ジョナサン・アイブ│アップルの動向に関心のある本誌読者なら、今さら説明は不要だろう。アップルの最高デザイン責任者だ。スティーブ・ジョブズはアップル復帰後、先行きに不安を感じ、しばらく経営に関わるのを拒んでいた。しかし、アイブとの出会いでアップルの未来に希望を抱き、経営トップに返り咲いた。その後、2人は、アップルをデザイン主導で物をつくる組織へと生まれ変わらせた。

新生アップルの最初の製品は21年前の初代iMac。ジョブズはこれを「まるで別の惑星からやってきたようなパソコン。いいデザイナーのいる惑星」と紹介した。技術レベルで言えば、同様のパソコンはインテルも提案していた。しかし、3ステップでインターネットにつながり、机の上に置いたときの設置面積も前後12センチ。そうなるべくブラウン管の形にあわせた卵型で、その形を優先したためにメイン基板は半円形。こんなパソコンはデザイン主導の会社以外からは出てこない、という形だった。その後、たくさんモノマネ品が出てきたが、真似していたのは表層だけだった。

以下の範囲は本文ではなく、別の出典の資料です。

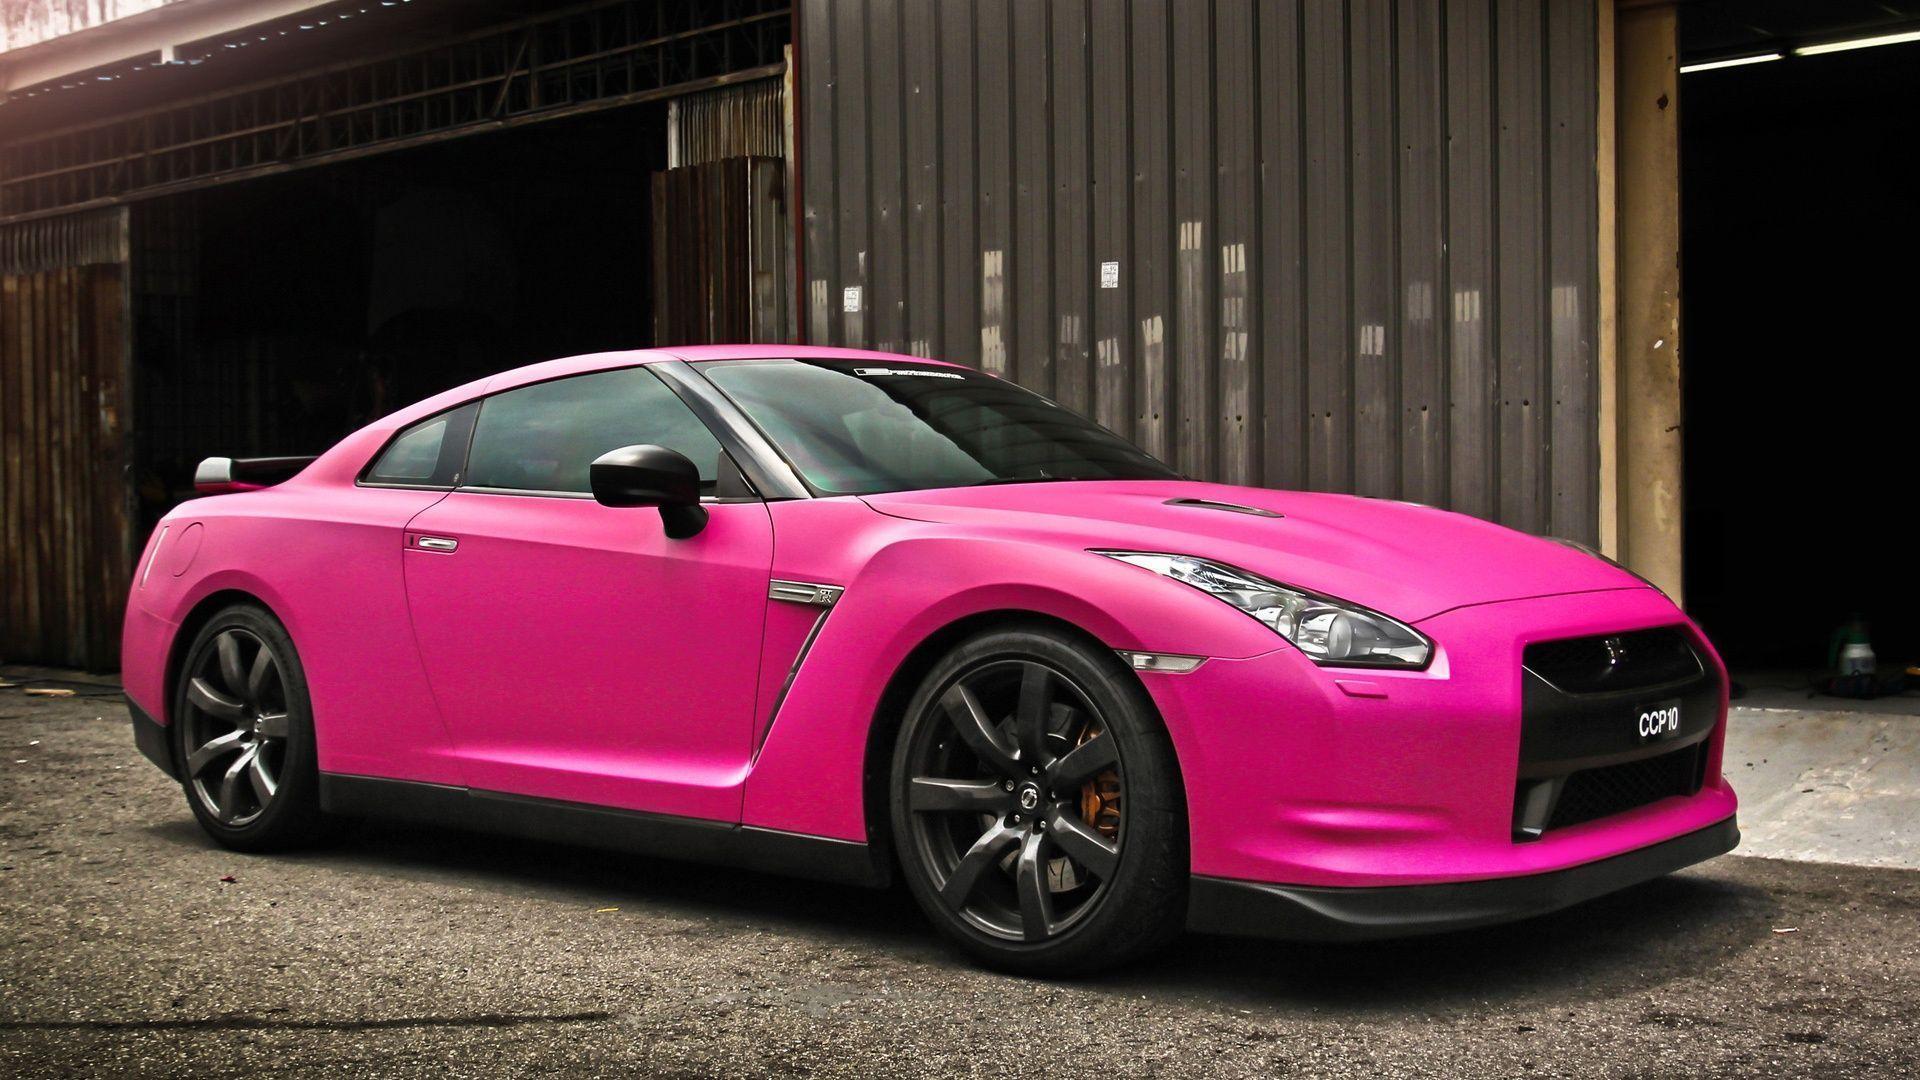 Awesome Pink Car Wallpaper 35176 1920x1080 px

iPodも同様で、技術的には似た製品がいくらでもあったが、「すべての曲をポケットに入れて持ち歩く」というコンセプトからデザインされたことで、あっという間に携帯型音楽プレーヤの代名詞になってしまった。後続製品の中にも、iPodに匹敵する見た目や使い勝手の製品はついに出てこなかった。

技術は真似できるが、デザインの本質は簡単には真似できない。未来を生み出すのは「しっかりとデザインする姿勢だ」とアイブは私に思い出させてくれる。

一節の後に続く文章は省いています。